Authors: TaeWoo Kim (University of Technology Sydney, Canada), Hye Jin Lee (Indiana University), Yoo Sun Kim (N/A), Adam Duhachek (Indiana University)

Building on the burgeoning literature of consumer dishonesty, the current research examines whether consumers’ dishonest behaviors amplify when interacting with non-human artificial agents (e.g., AI or robots). Prior research has shown that unethical behavior is suppressed by personal or situational inhibitory factors such as guilt feelings (e.g., Ekman, 1985). That is, consumers forgo cheating opportunities for incentives when the action carries more anticipatory guilt. Based on prior work that artificial (vs. human) agents are considered to lack the ability to feel (Waytz and Norton 2004), we hypothesize that consumers would perceive cheating on non-human agents less harmful and feel less guilty, leading to greater engagement in unethical behavior. The hypothesis was supported by three experiments.

In Study 1, participants (N = 138 undergraduate) were told that they would get into a lottery to win $100 in case the number they chose matches with the number that an agent would randomly choose. The result shows that individuals cheat more when an AI Alexa (vs. human confederate) was introduced as the officiating agent. This study shows that people tend to behave more dishonestly when they are interacting with an AI (vs. human).

In extension of this finding into a marketing context, participants in Study 2 (N = 83 undergraduate) were provided with a hypotheticals scenario in which they were selling a used car to a car dealer on the internet. For a car that has true mileage of 80,000 miles but showing an incorrect odometer reading of 60,000 miles, they were asked to indicate the mileage that they will inform to a potential buyer of the car. The result shows that individuals reported lower mileage when they believed that they are reporting to an AI (vs. human) car dealer.
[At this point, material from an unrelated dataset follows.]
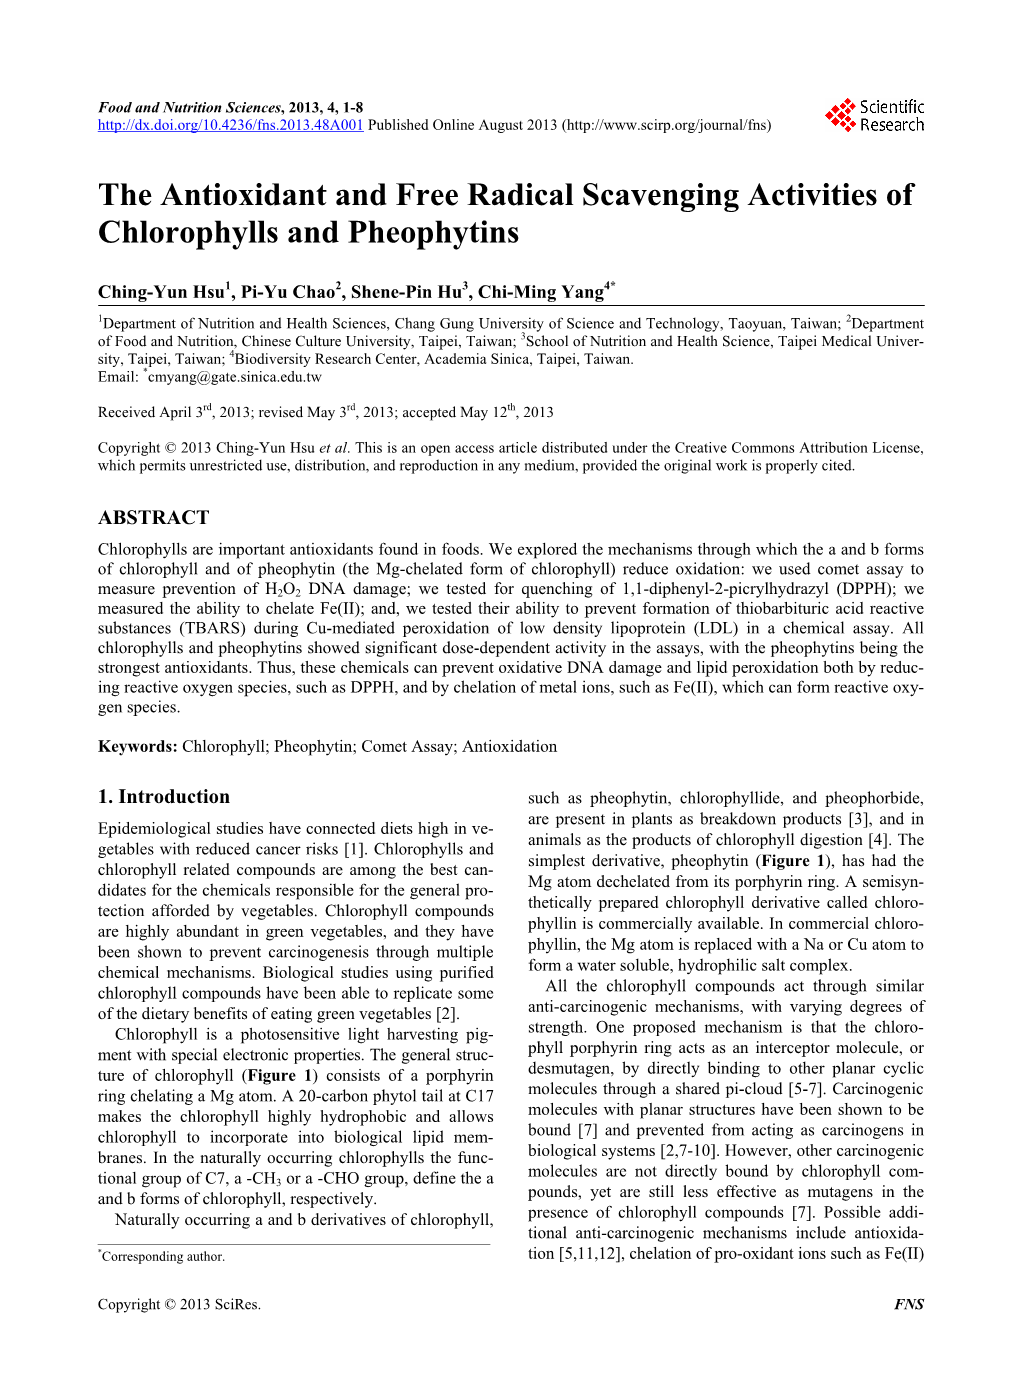 The Antioxidant and Free Radical Scavenging Activities of Chlorophylls and Pheophytins

In Study 3, participants (N = 234 undergraduate) were instructed to imagine that they decided to return a product they bought online because they changed their mind and they will have to pay for the shipping cost. They were incentivized to choose a false reason (e.g., size doesn’t fit) for a free return. As predicted, higher proportion of individuals chose a false reason for economic incentive when interacted with an AI (vs. Human) service representative in the return process. This effect is mediated by a lower expected guilt.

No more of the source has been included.